There are 12 lamps in the front room.
To work out the power consumption you simply multiply the number of lamps x the wattage per lamp x hours of operation / 1000 to convert to kWh instead of Watt hours.
12h x 55W x 3300 / 1000 = 2,178 kWh of electricity consumed per annum.
Then to work out the cost of these you can simply multiple the kWh consumption by the cost of electricity per kWh. In this case the shop is being charged $0.24 per kWh.
2178 x 0.24 = $522.72 per annum spent on these lamps alone.
Now we do the same calculations based on the new LED lamps.
We’ve decided to use a 10W downlight kit with an electrician to install them.
The energy cost per annum of the new globes would be:
(12h x 10W x 3300 / 1000) x 0.24 = $95.04
So this is a saving of $522.72 – $95.04 = $427.68
The cost of these 12 new lamps were $42.00 each. Total cost for the lamps alone = $504
There was also an electrician employed to install the lights who charged $25 per light adding another $300 on top.
This makes the total outlay $504 + $300, saving $427.68 per annum.
If the cost is $804 divided by the annual electricity savings of $427.68 this would make the return on investment period 1.88 years.

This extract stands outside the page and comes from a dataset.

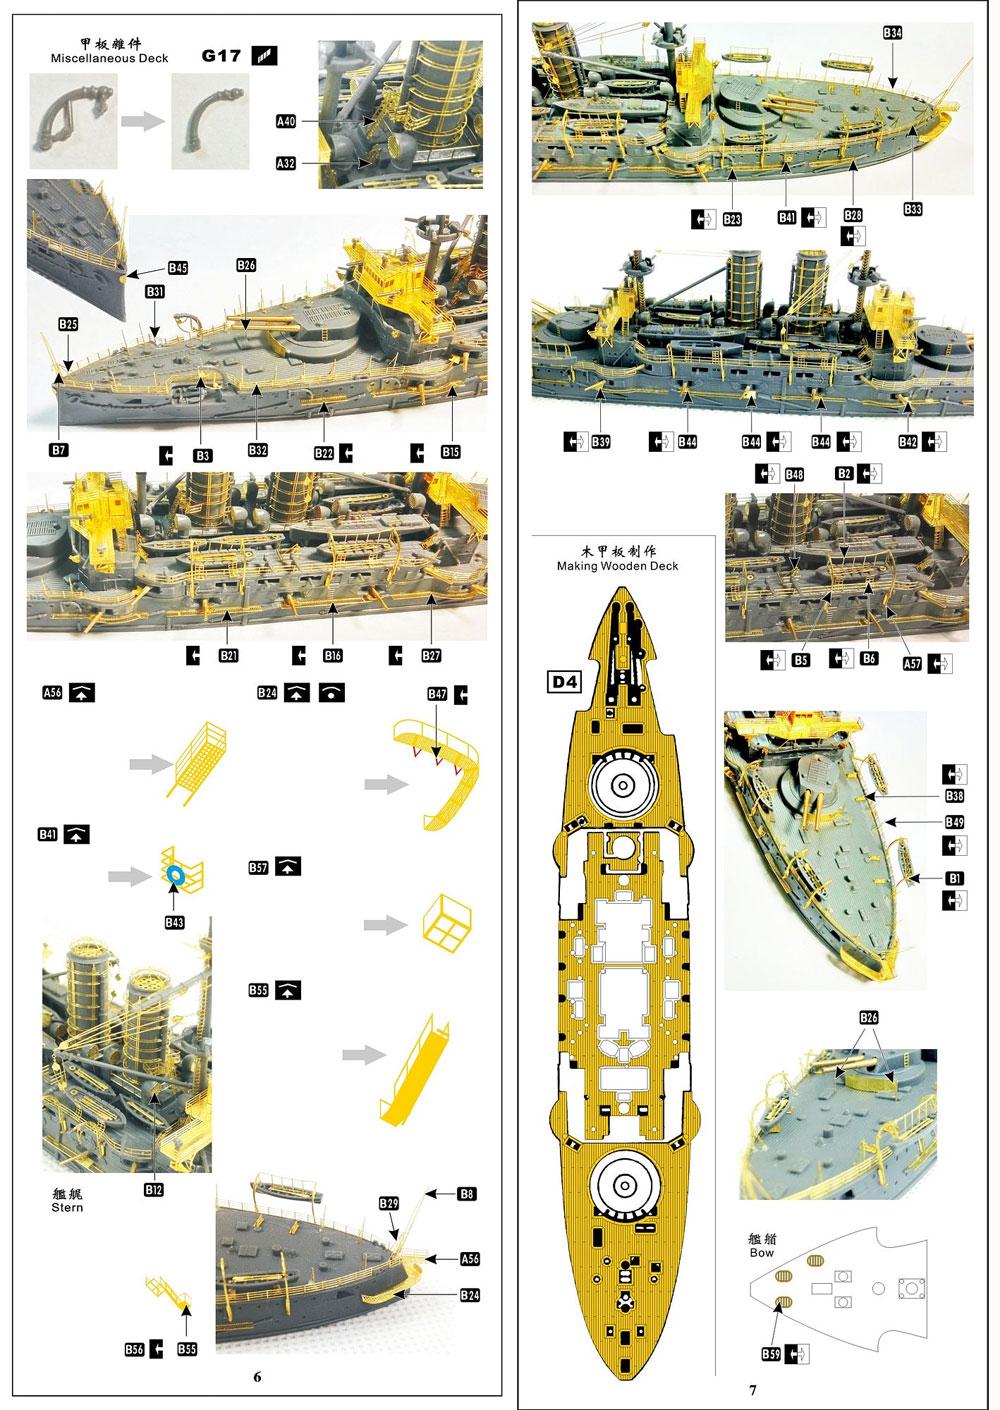 日本海軍 戦艦 三笠 スーパーディテール (ハセガワ用)エッチング(シップ ヤード ワークス1/700 ディテールアップパーツNo.700001)商品画像_4

This is the simple method of determining return on investment. (This is a guide only and should not substitute professional advice)
Now if you wanted to go into more detail, you could account for the amount of halogen bulbs you replace per annum and account for the cost of these to purchase as well as install. Since you would be just replacing the bulb in most instances it could just simply be $2 per bulb, once a year.
Doing this alone would account for a saving of $2 x 12 = $24, which is not a highly significant factor, however in commercial applications or for people are aren’t able to reach lights in high ceilings for example an electrician or service person may come to install these at an additional rate of $50 or more, which simply adds to the reduced cost over time.
These factors could be accounted for over the equivalent life span of the proposed new LED light. In general though we would only account for one set of replacement bulbs and their associated installation / replacement costs.
Air-conditioning is another tricky factor to include in the calculations because there are so many factors, including coefficient of performance, draughts, air leakage, other electrical devises, people and practically any other heat source. The heat displacement between old and new bulbs is also difficult to work out. This part of calculating return on investment is best left to an energy auditor. For every watt of heat produced from the old globes compared to the new globe, the air conditioner may need to offset this with additional electrical consumption which could be accounted for.
There are efficiencies to gain by switching to higher efficiency LED lights that cover more area from one source and redesigning the room or areas lighting.
This is common in car parks, foyers, corridors and so on, specifically where there is an abundance of light for the area. Lamps output can be decreased in higher density areas, or increased with lower density areas.